The plates in Manège Royal by Antoine de Pluvinel, Paris, 1623, engraved by Crispin de Passe on the instructions of the Pluvinel, Master of Horse to Louis XIII, show the young Louis XIII attacking a dummy of this kind in similar fashion a few years earlier. All the European courts of the age were familar with this kind of amusement (e.g. the famous "Saracino" in Florence under the Grand Dukes).
The second day was given over to running at the ring, an exercise which involved catching on the point of one's lance, and at the gallop, a ring suspended from the end of a tall gallows. Voltaire records that the prize on this occasion was won by the Count of Sault, son of the Duke of Lesdiguière, and presented to him by the Queen Dowager.

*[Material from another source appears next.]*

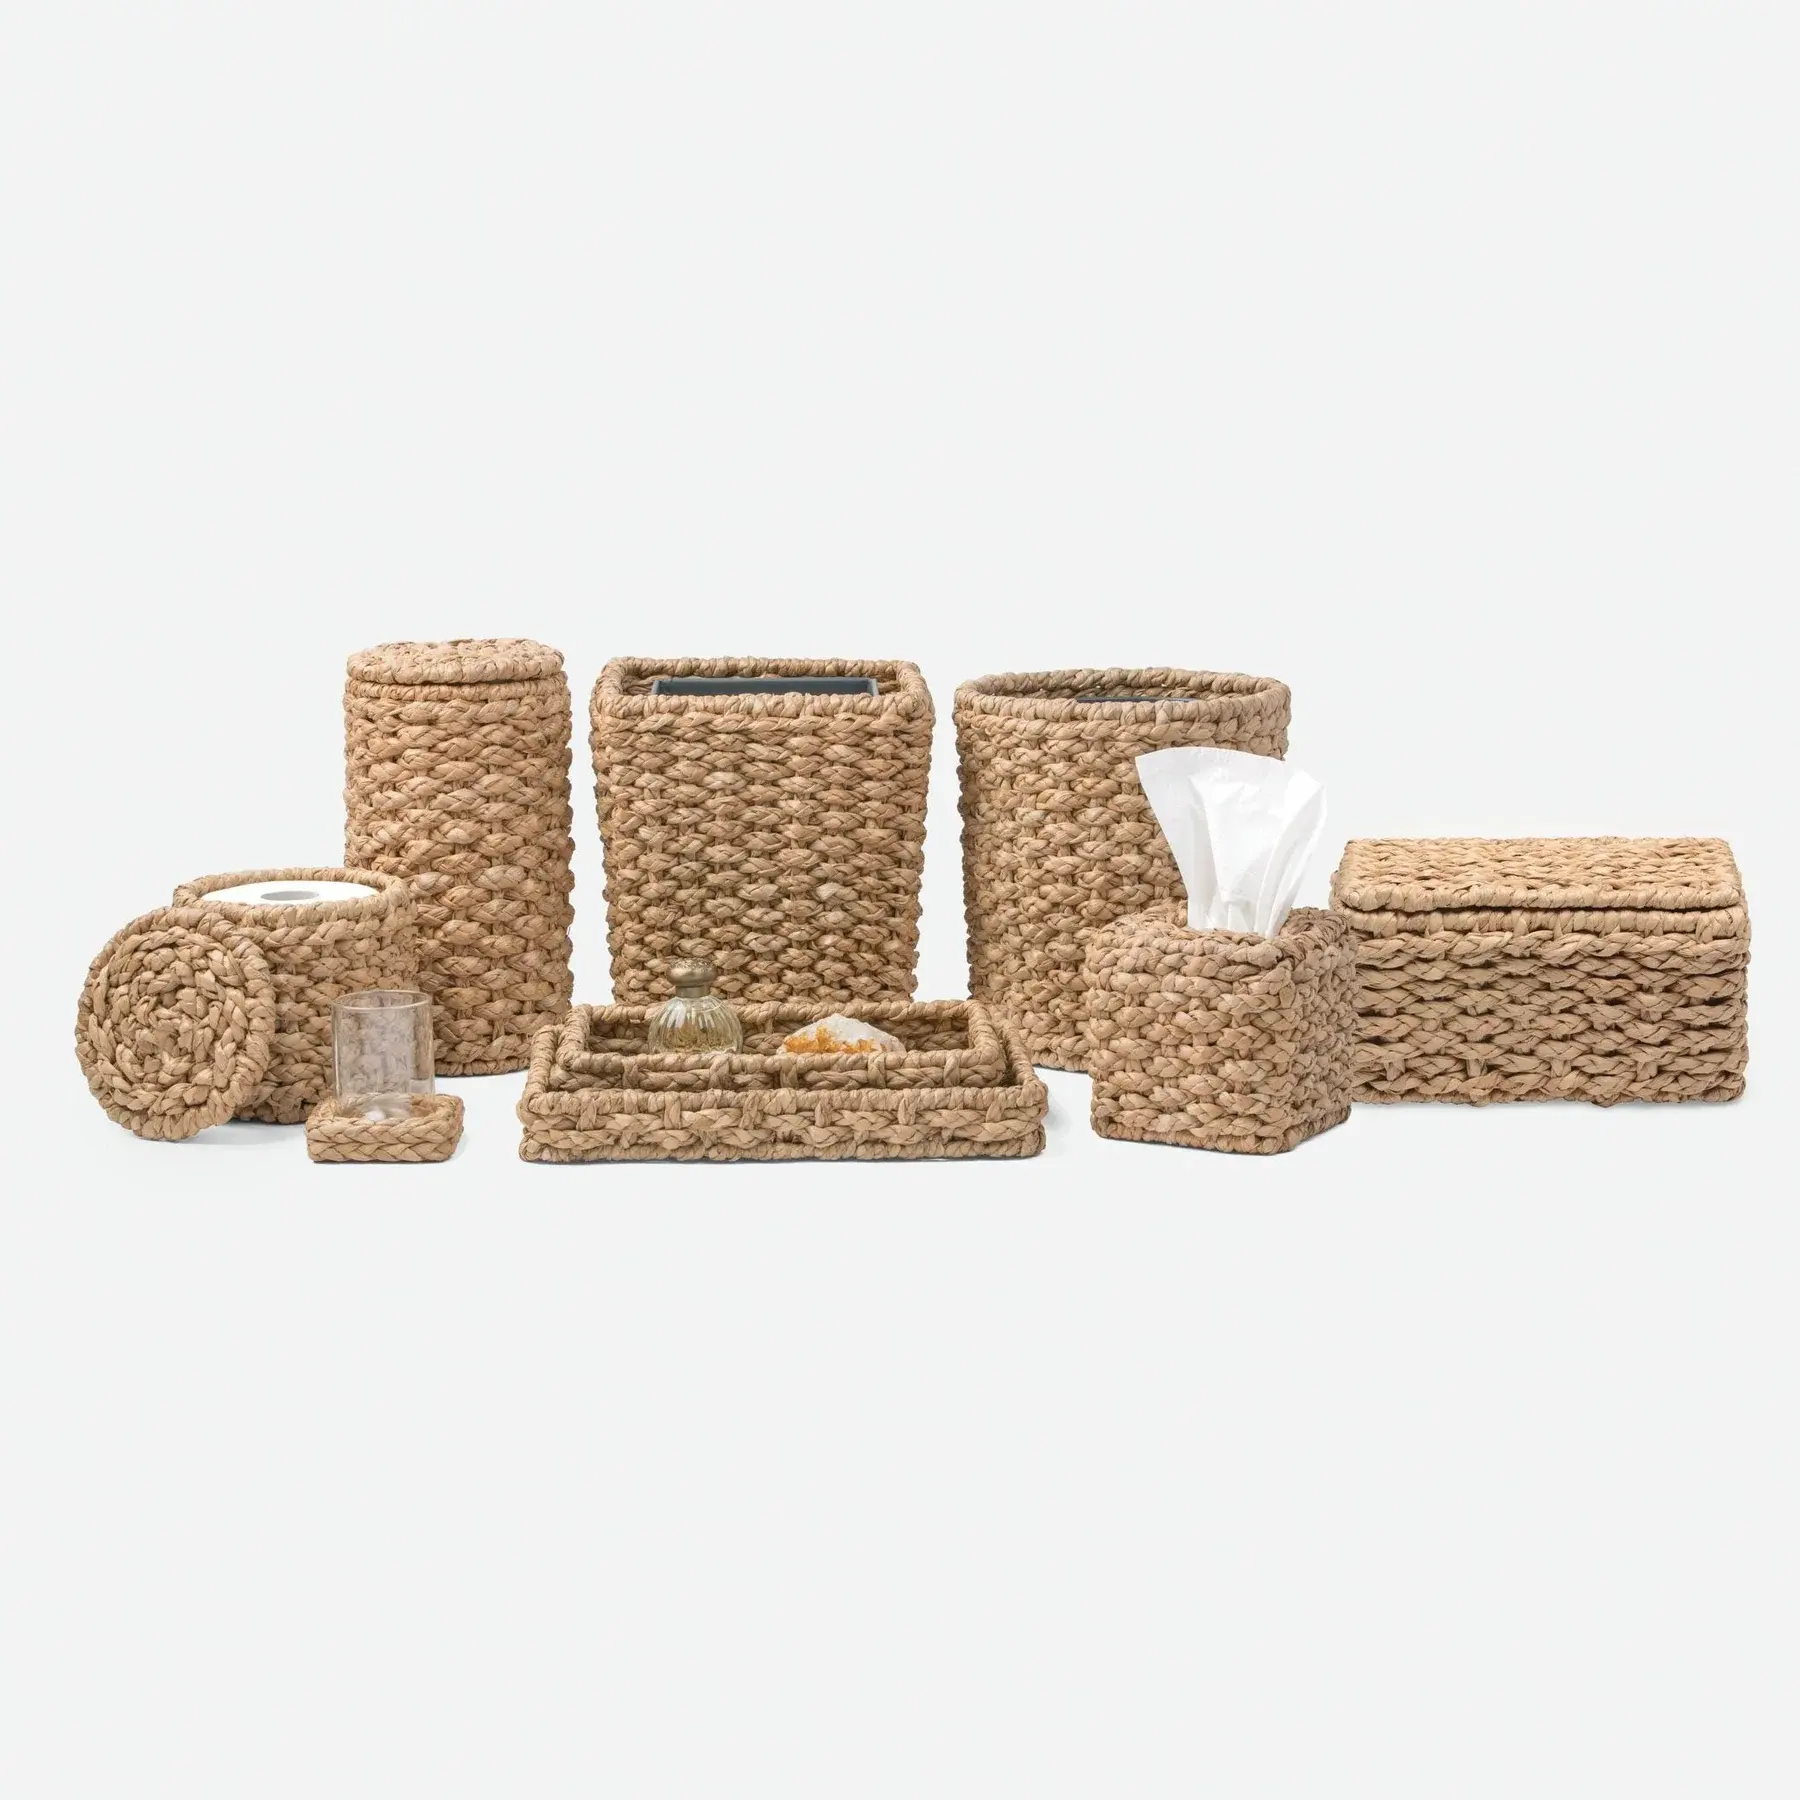 Hand-produced Water Hyacinth Bath Accessories Best Selling Natural Hyacinth Bathroom Sets For Home

This event, glorified by artists and authors, was long remembered. Its purpose, no doubt, was not solely to improve Louis XIV's talents for dancing and the arts of chivalry or to gratify his theatrical inclinations. In his Memories pour l'instruction du Dauphin, he notes:
A prince and King of France should also consider that there is something more in this public entertainment which is not so much for us ourselves as for the whole court and the whole of our people.
Behind this public display one glimpses more realistically founded, political intensions. The King turns outwards, presenting himself to his people dressed in archaic costume - like a certain, remote recollection of the suits of armour "alla antica romana" which Renaissance princes loved to dress up in, as an invocation of the imperial idea and the cult associated with it.
This brilliant, lively and exotic festival, the first of Louis XIV's reign, was to be followed by other pageants, no less brilliant, also intended to highlight the royal personage, a political event or the favourite of the hour. The three Versailles festivals which followed in mythological guise celebrated the glory of the King. In 1664 came Les plaisirs de l'Isle enchantée, a tribute to Mademoiselle de la Vallière. Le Grand divertissement royal in 1668 was put on to celebrate the favour enjoyed by Madame de Montespan and to acclaim the Peace of Aix-le-Chapelle, and the great festivities of 1674, Divertissements de Versailles..., invoked the King's victories.